代码主要是wsgiref/simple_server.py这一文件,如其名所示,它实现了一个简单的wsgi服务器,下面从该服务器的调用顺序依次注解。
在程序开始时,创建一个调用make_server创建一个server,同时传递了要调用的application,默认创建的server是WSGIServer,默认的requesthandler是WSGIRequestHandler,这两个类将在后面介绍。
def demo_app(environ,start_response):
from StringIO import StringIO
stdout = StringIO()
print >>stdout, "Hello world!"
print >>stdout
h = environ.items(); h.sort()
for k,v in h:
print >>stdout, k,'=', repr(v)
start_response("200 OK", [('Content-Type','text/plain')])
return [stdout.getvalue()]
def make_server(
host, port, app, server_class=WSGIServer, handler_class=WSGIRequestHandler
):
"""Create a new WSGI server listening on `host` and `port` for `app`"""
server = server_class((host, port), handler_class)
server.set_app(app)
return server
if __name__ == '__main__':
httpd = make_server('', 8000, demo_app)
sa = httpd.socket.getsockname()
print "Serving HTTP on", sa[0], "port", sa[1], "..."
import webbrowser
webbrowser.open('http://localhost:8000/xyz?abc')
httpd.handle_request() # serve one request, then exit
下面是WSGIServer
class WSGIServer(HTTPServer):
"""BaseHTTPServer that implements the Python WSGI protocol"""
application = None
def server_bind(self):
"""Override server_bind to store the server name."""
HTTPServer.server_bind(self)
self.setup_environ()
def setup_environ(self):
# Set up base environment
env = self.base_environ = {}
env['SERVER_NAME'] = self.server_name
env['GATEWAY_INTERFACE'] = 'CGI/1.1'
env['SERVER_PORT'] = str(self.server_port)
env['REMOTE_HOST']=''
env['CONTENT_LENGTH']=''
env['SCRIPT_NAME'] = ''
def get_app(self):
return self.application
def set_app(self,application):
self.application = application
它继承了HTTPServer,它在BaseHTTPServer.py文件中定义,查看该文件以及SocketServer.py,可以知道有如下继承关系
+------------+
| BaseServer |
+------------+
|
v
+-----------+ +-----------+
| TCPServer |------->| HTTPServer|
+-----------+ +-----------+
服务器的基本逻辑已经在BaseServer实现了,在TCPServer的__init__()中调用server_activate()启动服务器(其实就是socket开始监听),注意这里不是调用BaseServer的serve_forever函数。
值得注意的是BaseServer的finish_request函数,在其中调用了创建BaseServer对象是传入的RequestHandlerClass对象用以处理接收到的请求。
def finish_request(self, request, client_address):
"""Finish one request by instantiating RequestHandlerClass."""

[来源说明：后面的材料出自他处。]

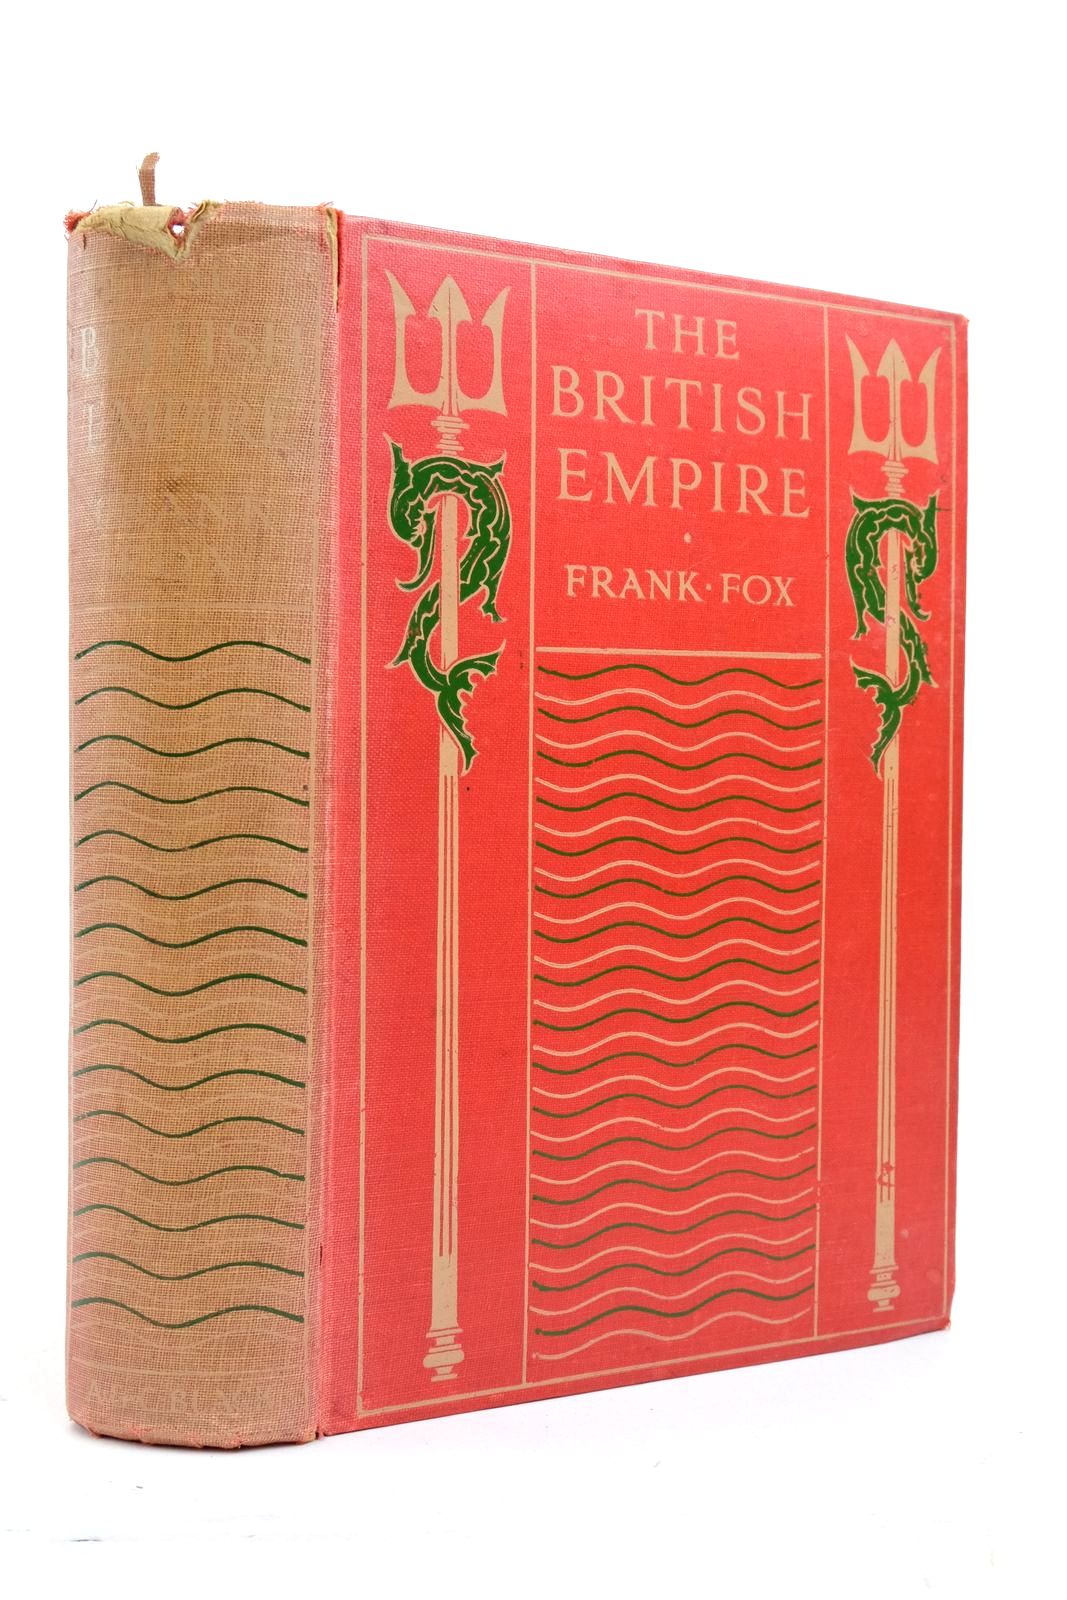 Photo of THE BRITISH EMPIRE written by Fox, Frank published by Adam & Charles Black (STOCK CODE: 2137556)  for sale by Stella & Rose's Books

self.RequestHandlerClass(request, client_address, self)
其中传入的request对象由get_request()函数获取,该函数根据不同的协议有不同的实现,所以其实现是在TCPServer中的,事实上它就是简单的返回一个socket对象而已
def get_request(self):
"""Get the request and client address from the socket.
May be overridden.
"""
return self.socket.accept()
接下来是WSGIRequestHandler
class WSGIRequestHandler(BaseHTTPRequestHandler):
server_version = "WSGIServer/" + __version__
def get_environ(self):
env = self.server.base_environ.copy()
env['SERVER_PROTOCOL'] = self.request_version
env['REQUEST_METHOD'] = self.command
if '?' in self.path:
path,query = self.path.split('?',1)
else:
path,query = self.path,''
env['PATH_INFO'] = urllib.unquote(path)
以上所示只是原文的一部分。